RAPORUN ARA BAŞLIKLAR VE AÇIKLAMALARIYLA ŞÖYLE:

İnşaat ve Gayrimenkul Sektörüne Bakış

2020 Yılı itibarıyla dünyada yayılımını artıran kovit salgını pek çok ekonomik ve sosyal değişken üzerinde etkili olmuştur. Beklenmedik sistemik bir risk olarak küresel iş yapış şekillerinden karar alma süreçlerine kadar pek çok yönetsel süreç yeni şartlara göre şekillenmek zorunda kalmıştır. Bu tür, ’siyah kuğu’ olarak adlandırılan beklenmedik geniş etki alanlı olayların sektörleri de tesir altına alması kaçınılmaz bir sonuç olarak karşımıza çıkmaktadır. Diğer sektörlerde olduğu gibi inşaat ve gayrimenkul sektörleri de gerek iş yapış gerekse talep yönlü süreçten etkilenmiştir.

Salgın ve buna bağlı aşılama süreci ekonomi yönetimleri ile finansal karar alıcılar açısından çok dikkatli izlenmesi gereken bir durum arz etmektedir. 2020 yılı sonuna doğru aşı çalışmalarının hızlanması bunu takiben dünyada bazı ülkelerde ve Türkiye de aşı uygulamalarının başlaması salgının önlenebilmesi adına son derce önemli bir gelişme olarak nitelendirilebilir.
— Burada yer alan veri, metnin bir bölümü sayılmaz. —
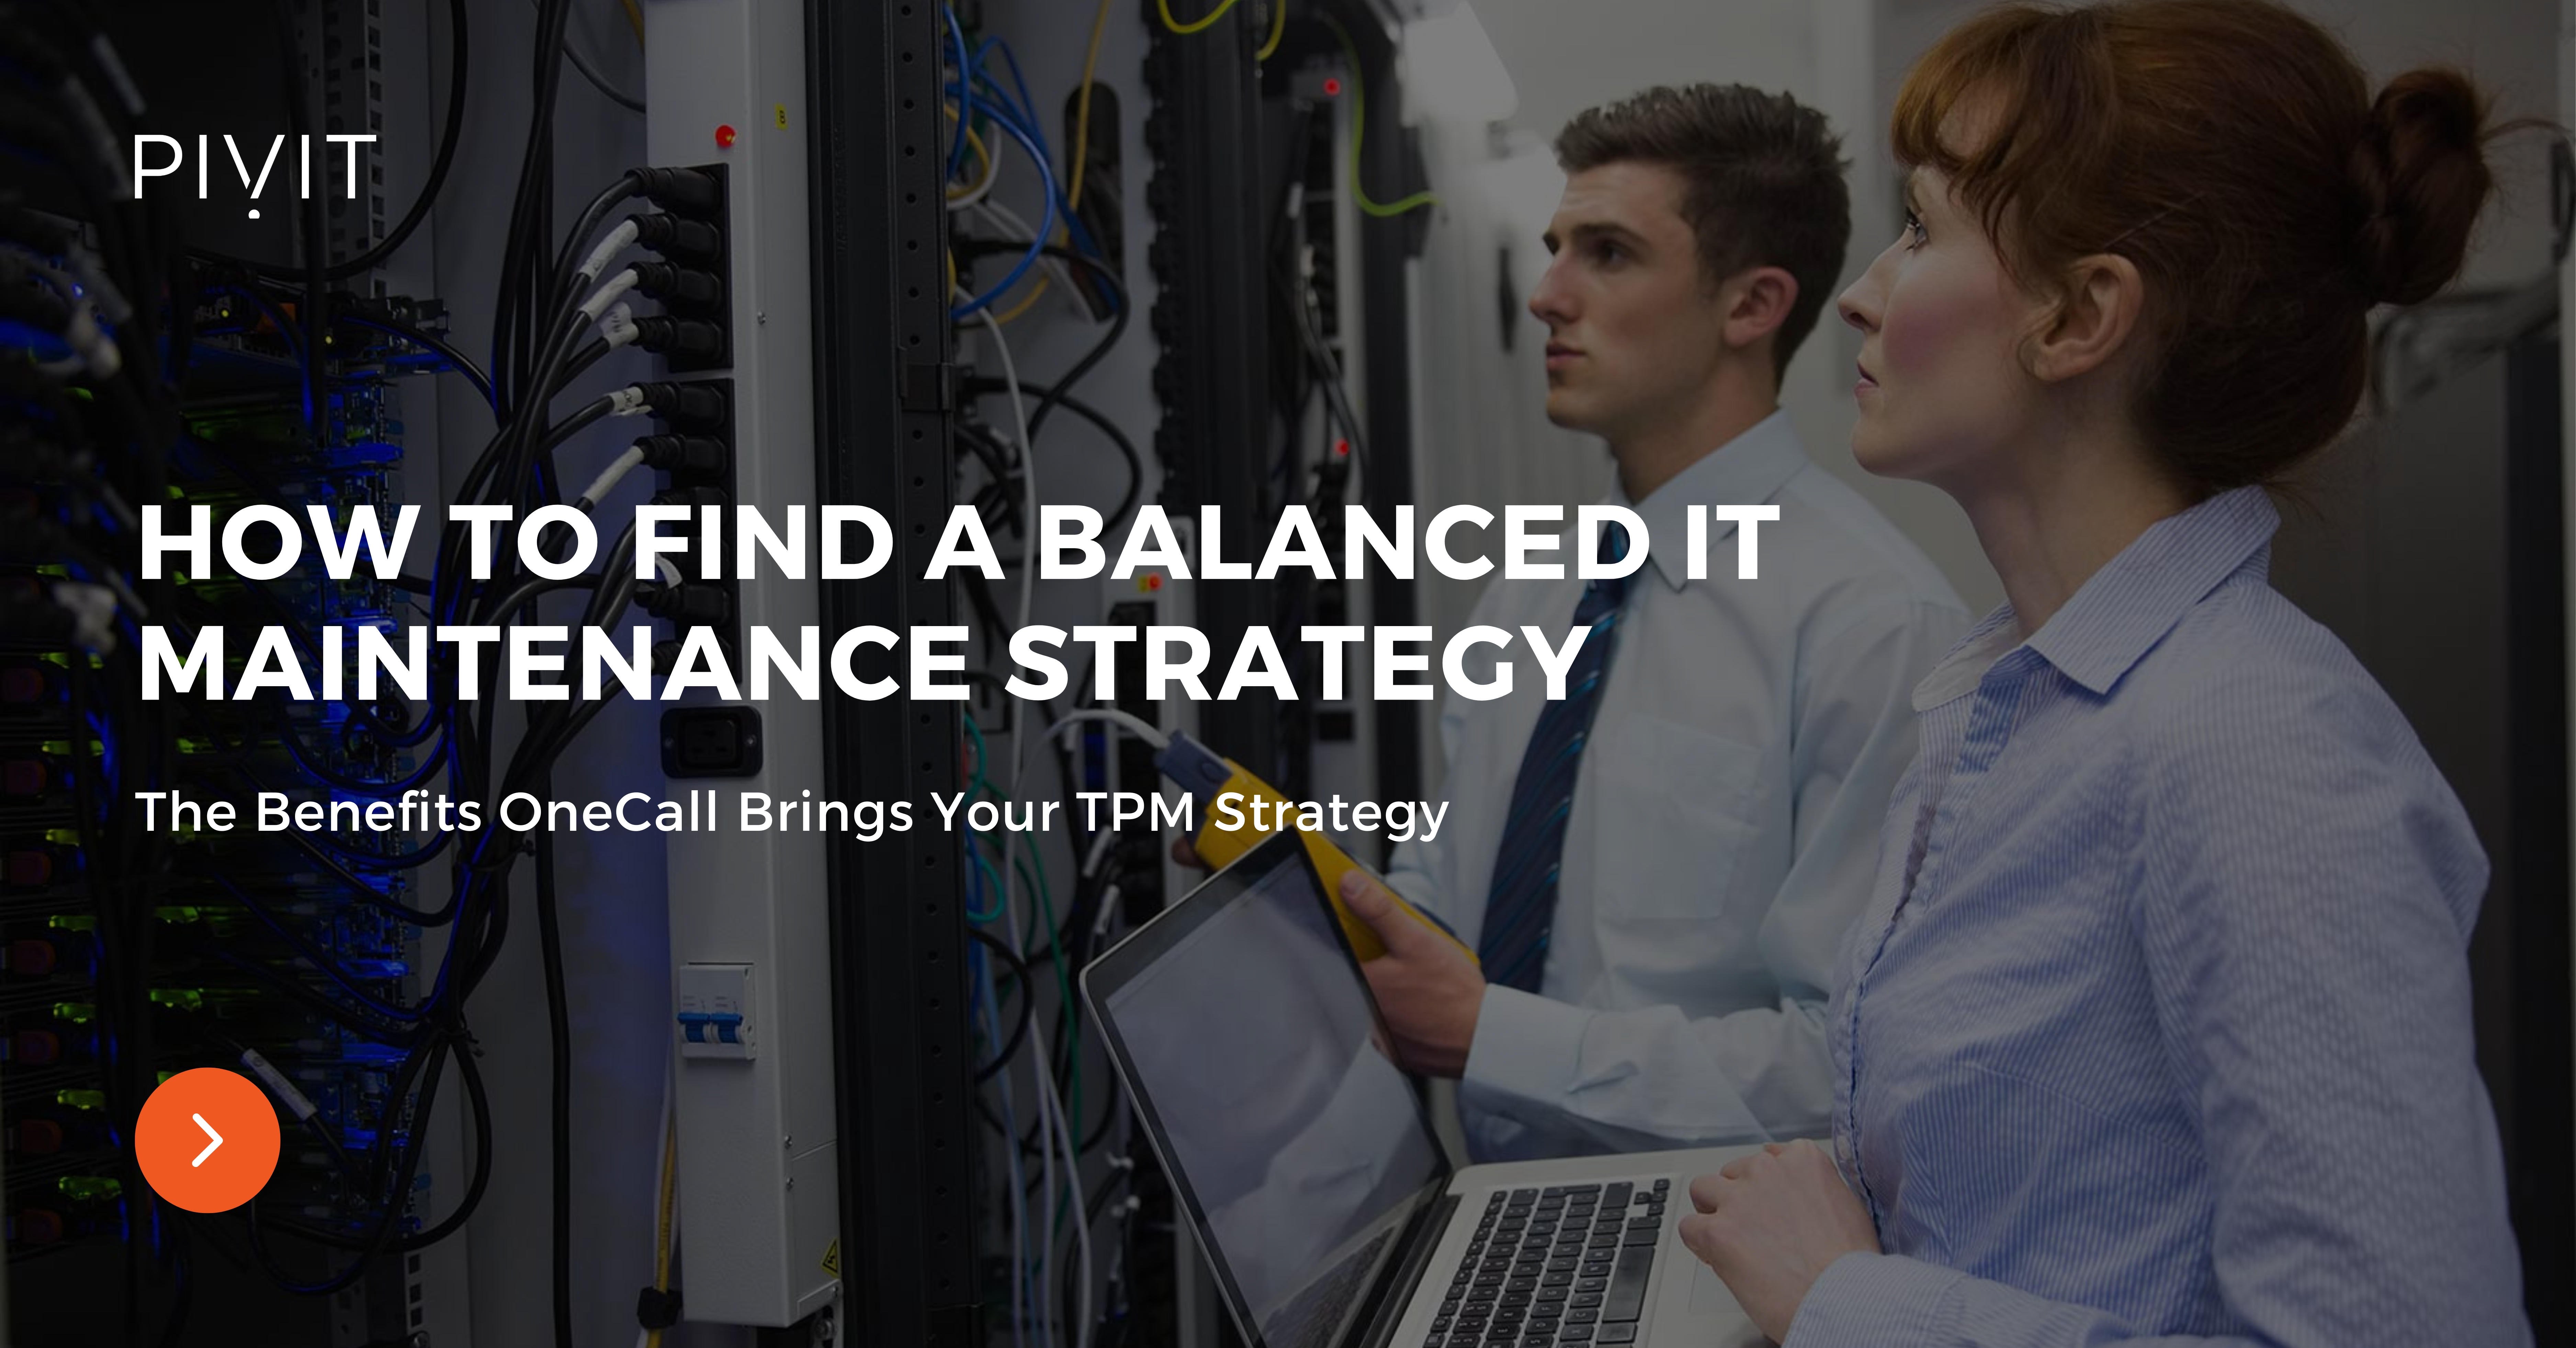 How to Find a Balanced IT Maintenance Strategy

Aşılamanın yaygınlaşması ekonomik ve sosyal hayatta normalleşebilme sürecinin hızlanacağı beklentisini yükseltmiştir. Ancak 2021 yılı ilk yarısı itibarıyla virüsün daha hızlı bulaşan mutasyonlara uğraması başta Hindistan, Brezilya ve bazı AB ülkelerinde dördüncü dalga endişelerini de artırmıştır. Diğer taraftan aşılamada daha hızlı davranan ülkelerde dahi ‘delta’ varyantının etkisinin artması dikkat çekmektedir.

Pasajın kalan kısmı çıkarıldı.